How had the Kryte known what he had been thinking?
They had stopped to eat on a spur of rock jutting out over a great step in the land. Down below the plain continued, shrouded in jungle. Abbott had never seen a scene more beautiful in all his life. The expanse of the jungle far below writhed with colour. Above all of it, arching over the horizon, was a wormhole, pulsing light.
He drank, ate ration bars. The alien sat beside him, panting. His own breath came in ragged spasms. He was going to die. He knew that much. He gave thanks that whatever was attacking his body, his mind, was at the same time sparing him the pain.
He said, the words coming only with great effort, “How... how did you know my name, what I was thinking?”
The Kryte turned its liquid blue eyes on him. “Your thoughts,” it said, “sit upon the surface of your being like... like colour upon the surface of... of whatever.”
Abbott laughed. “You mean to say... you’re telepathic, in other words? You can read my thoughts?”
“Some of them. Others... They mystify me.”
Abbott was about to question the Kryte, but it replied before he could marshal the words, “I read your desires, immediate thoughts. Others, more abstract, philosophical, bewilder me. God, for instance.”
“God,” Abbott breathed, staring at the silent vast majesty of the wormhole. The beast was damned by its own words! “You are a Godless race!”
Squatting, its knees about its face, the alien turned to him and said, “There is... there is no God, Abbott. No saviour, no creator, no supreme arbiter.”
“The sinner knows not whereof he speaks,” Abbott began. Did the Kryte deserve God’s mercy, he wondered? Did they warrant salvation? He realised that he was crying, sobbing.
He said, “You killed my family, my wife, my son, five thousand innocent human beings on New Hampton...as well as hundreds of thousands of others across the Expansion.”
The Kryte turned to Abbott and staggered him by saying, “And for that we are truly sorry.”
And before Abbott had time to register shock, or to frame an apposite question, the alien surged to its feet and swept him onto its back.

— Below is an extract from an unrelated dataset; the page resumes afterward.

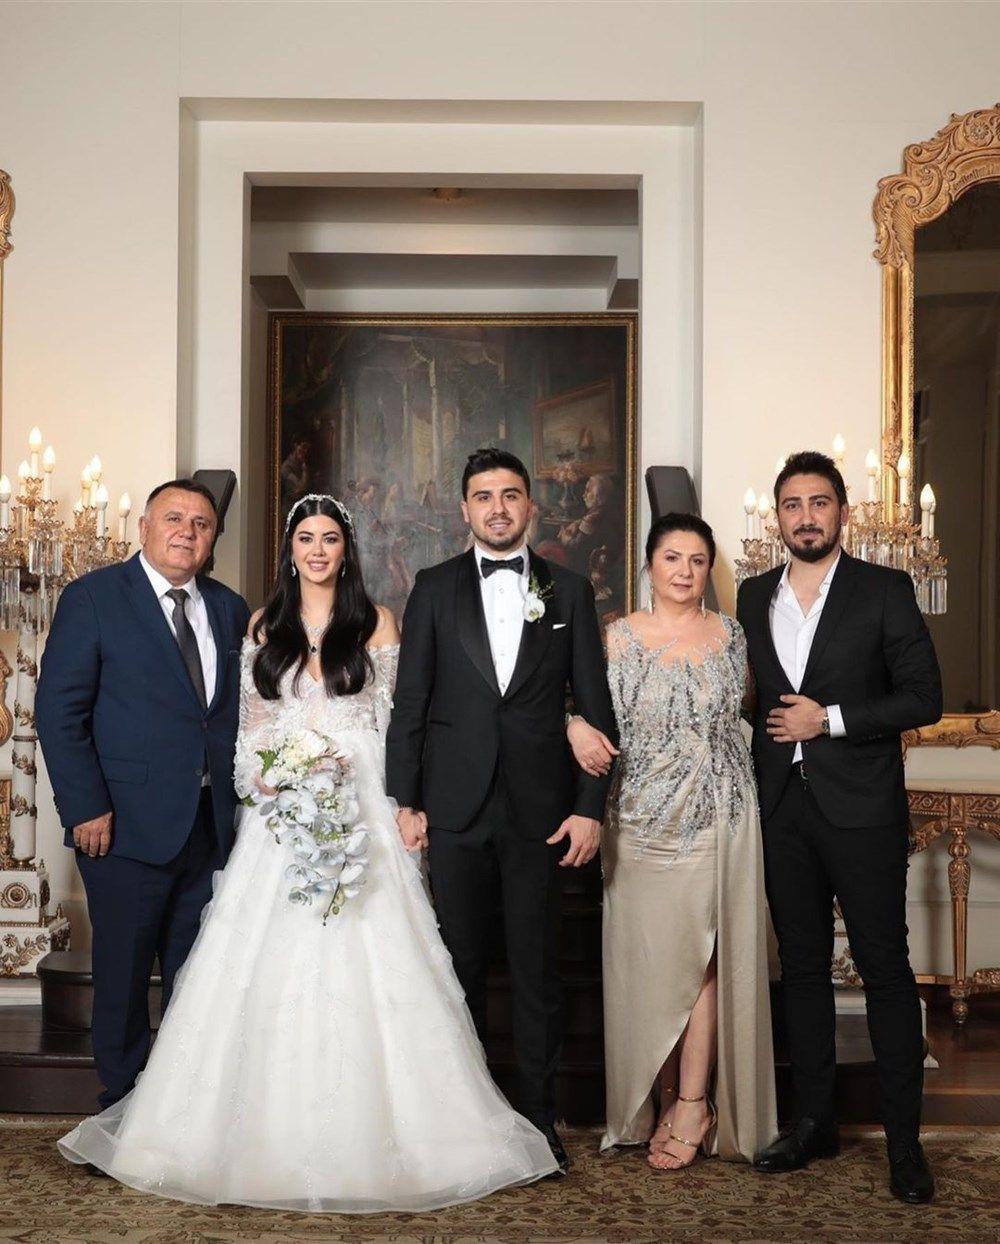 Ozan Tufan ile Rojin Haspolat Tufan'ın düğününden fotoğraflar - Sayfa 3

Then it stepped over the side of the escarpment, and Abbott screamed as he anticipated the hundred foot drop.
There was no drop.
The alien seemed to be walking down the face of the escarpment, as if by magic. Only when Abbott looked behind him did he see the steps cut into the rock. The significance of the steps in this riotous landscape at first escaped him. His mind was fuddled, his perceptions delayed and with them his cognition. If there were steps... then that must mean that they had been made... and if they had been made... then that meant humans had made them... for humans had a base on St Jerome... So were the steps leading to Fort Campbell?
He laughed, but was unable to say why he was laughing. It seemed ridiculous, he knew, to be riding piggy-back down steps on some hostile planet with a Kryte...
The alien was running now, as if attempting to flee a pursuer. Had the humans at Fort Campbell seen them, and initiated a chase?